WHAT YOU HAVE TO DO: Where an image occurs, skip it and print the rest of the records verbatim.

(Saved data entries)
────────

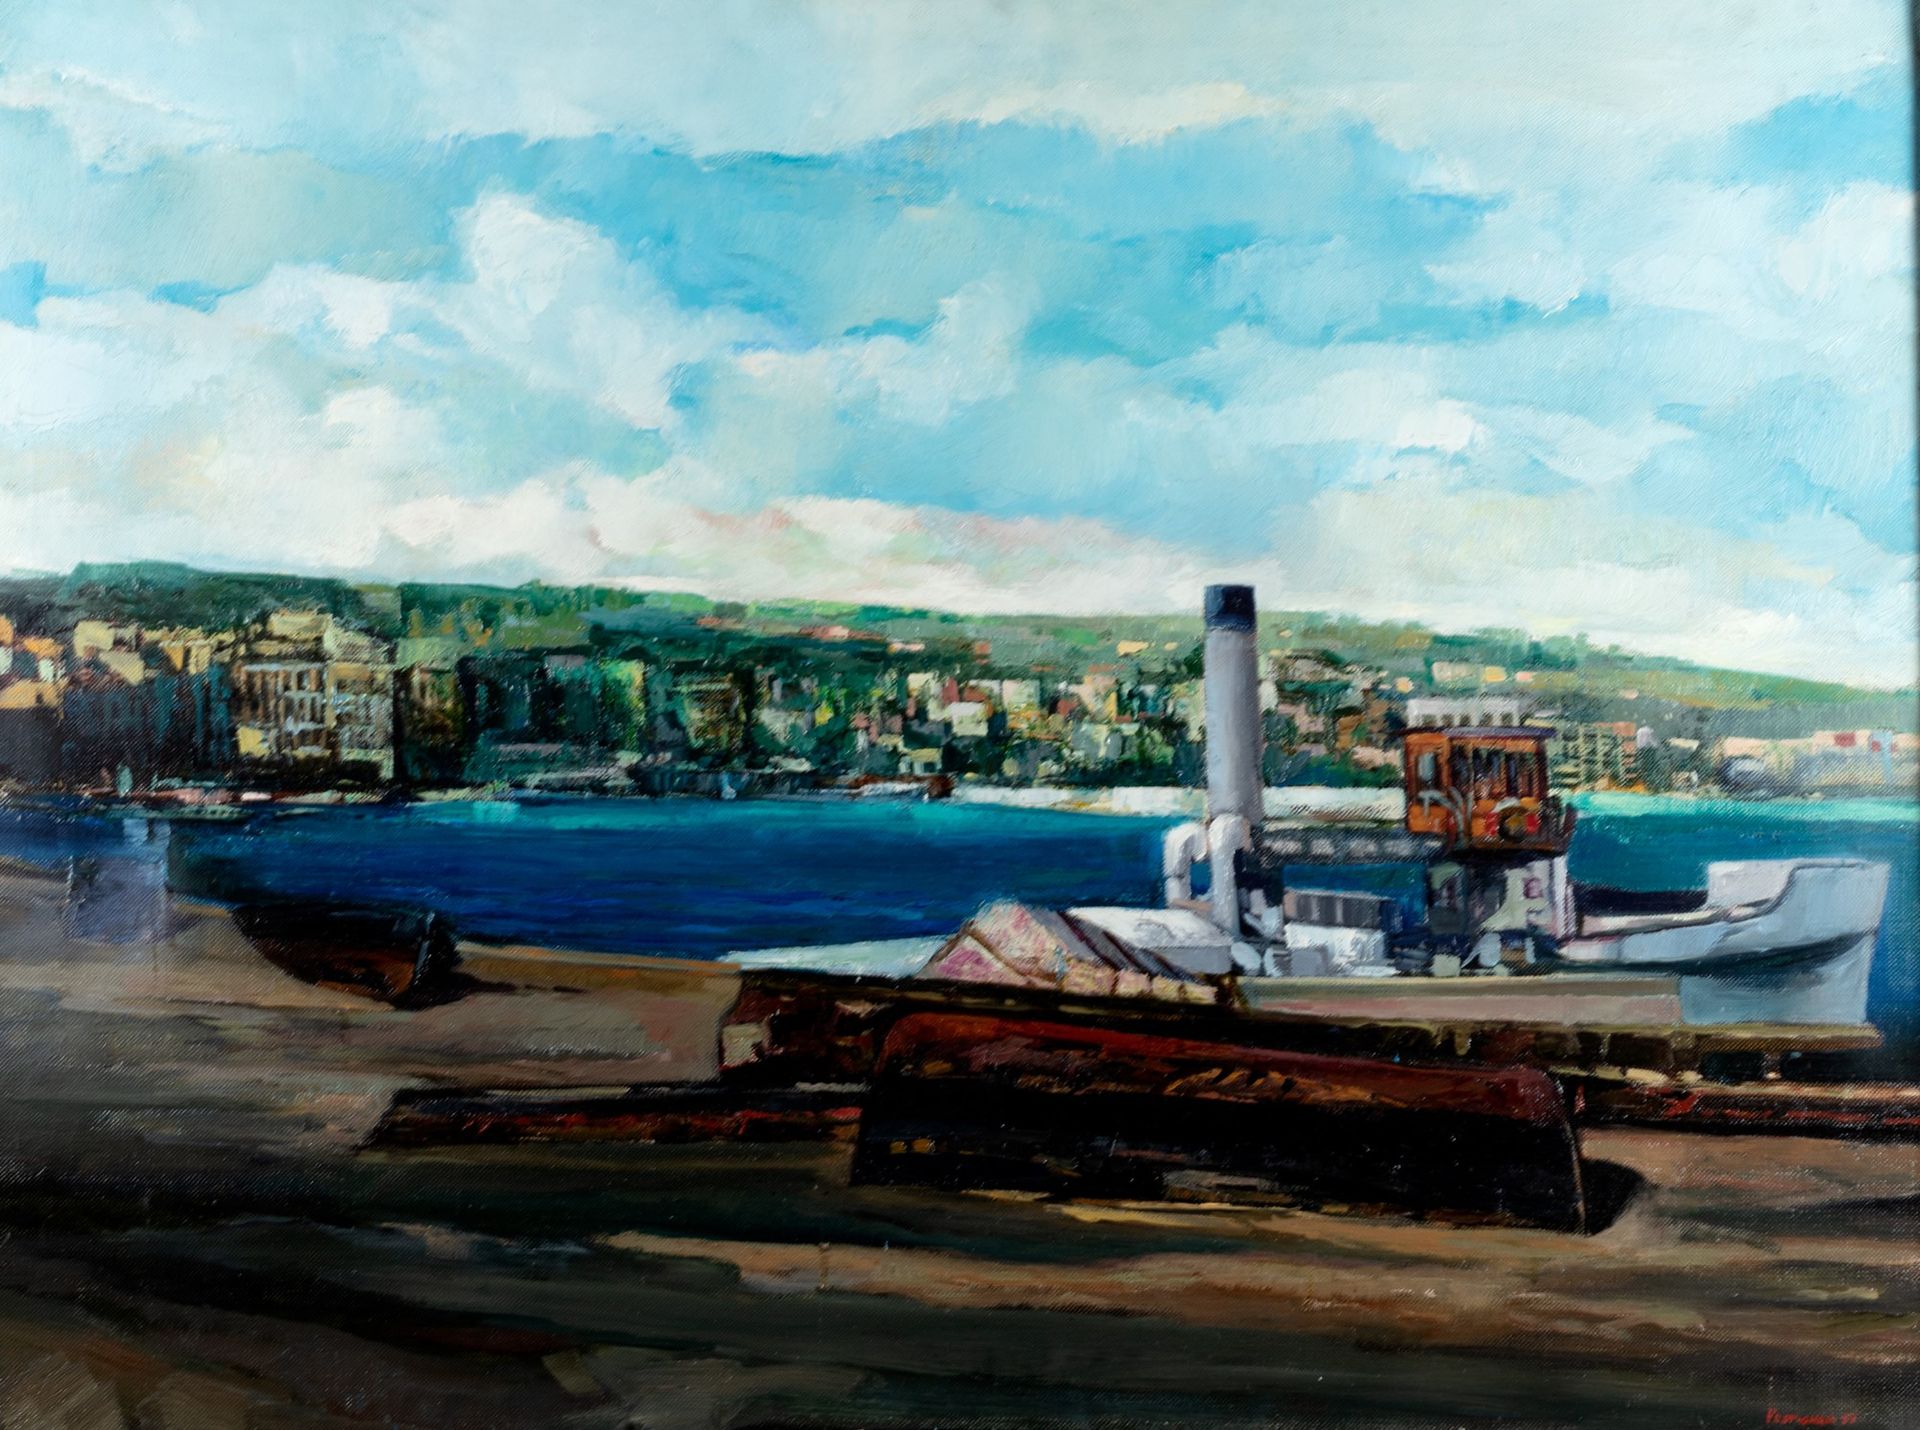 RENZO VESPIGNANI 有船的风景，1956年

油画
75 x 100 cm
右下角签名：Vespignani 56
本拍品受艺术家转售权的限制
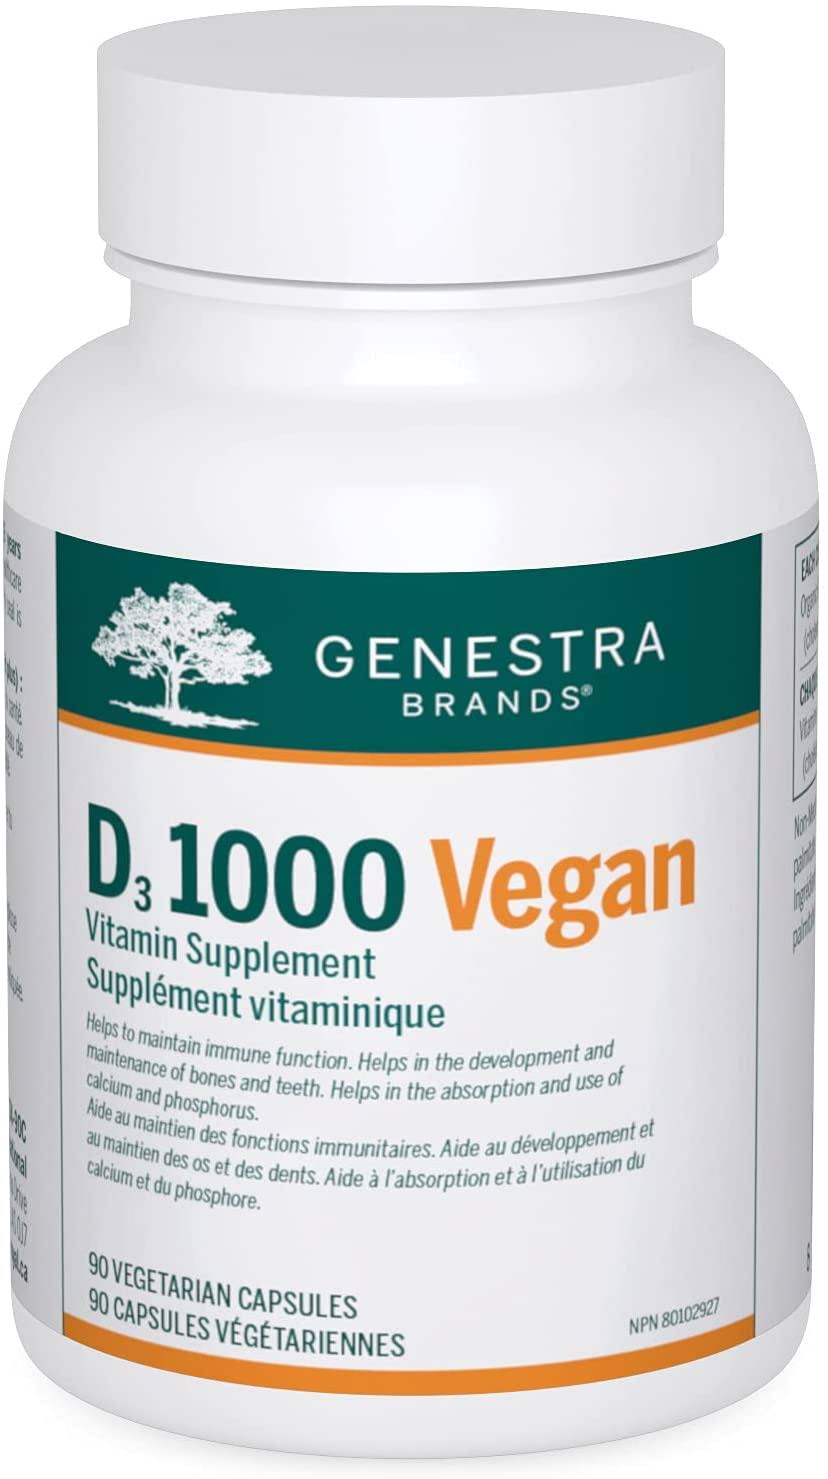 Genestra Brands D3 1000 Vegan

────────

RESPONSE FOR THIS EXERCISE:
 RENZO VESPIGNANI 有船的风景，1956年

油画
75 x 100 cm
右下角签名：Vespignani 56
本拍品受艺术家转售权的限制
 Genestra Brands D3 1000 Vegan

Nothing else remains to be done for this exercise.